The analysis covered all scheduled and chartered departures from UK airports by airlines operating more than 2,500 flights. Cancelled flights were not included.

The next worst airlines for delays were:

Tui – 28 minutes and 24 seconds
Air India – 28 minutes and 12 seconds
Turkish low-cost carrier Pegasus Airlines – 25 minutes and six seconds
Air Portugal – 23 minutes 48 seconds
Vueling – 23 minutes six seconds
Swiss – 22 minutes 48 seconds
Air Canada – 22 minutes six seconds
BA – 21 minutes 36 seconds

Consumer group Which? said airline passengers are in the “outrageous position” of paying record air fares for “unreliable services”.

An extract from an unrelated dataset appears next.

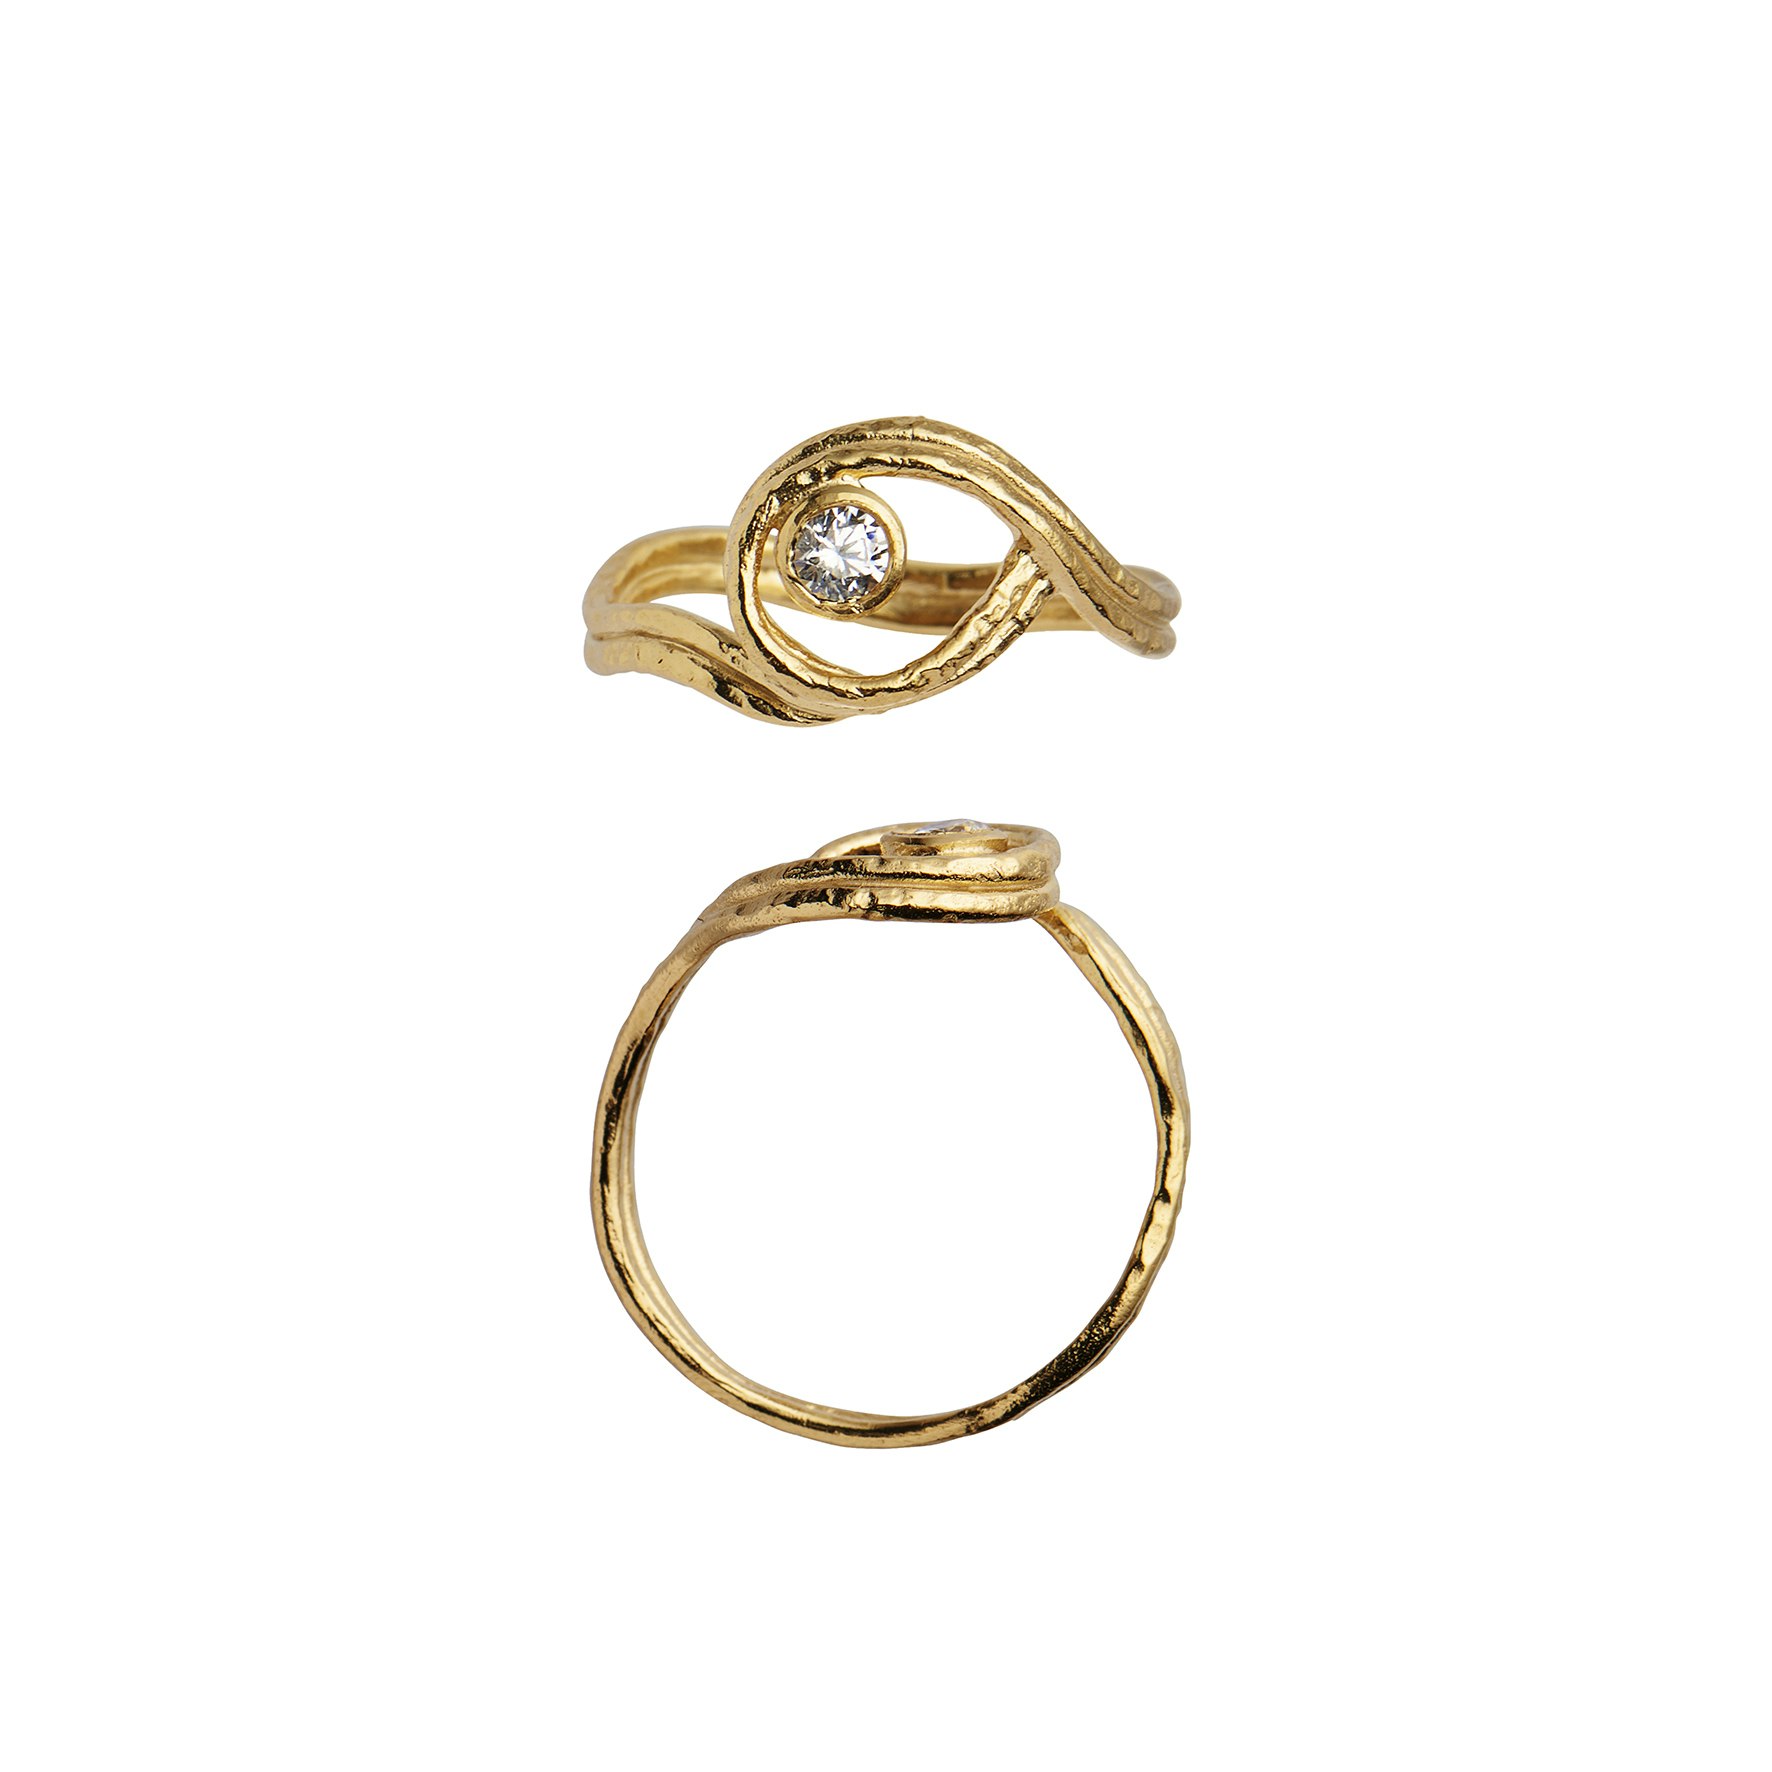 Balance Ring With Stone from STINE A Jewelry in Goldplated Silver Sterling 925

Irish carrier Emerald Airlines recorded the best performance last year with an average delay of just 13 minutes and six seconds, with Virgin Atlantic in second place at 13 minutes and 42 seconds.

The average delay for all flights was 20 minutes and 42 seconds, down from 23 minutes in 2022.

Wizz Air’s UK operations serve Aberdeen, Birmingham, Gatwick, Glasgow, Leeds, Liverpool and Luton airports.

Despite its poor UK punctuality, the airline – which operates in Europe, north Africa, the Middle East and other parts of Asia – saw passenger numbers reach a record 62 million in the year to the end of March – up by more than a fifth on the total of 51.1 million in the previous 12 months.

Over the same period, Wizz Air recorded a pre-tax profit of €341.1m (£290.4m), as its revenue from ticket sales per available seat rose by 11.2% year-on-year, which was similar to fare rises across the airline sector.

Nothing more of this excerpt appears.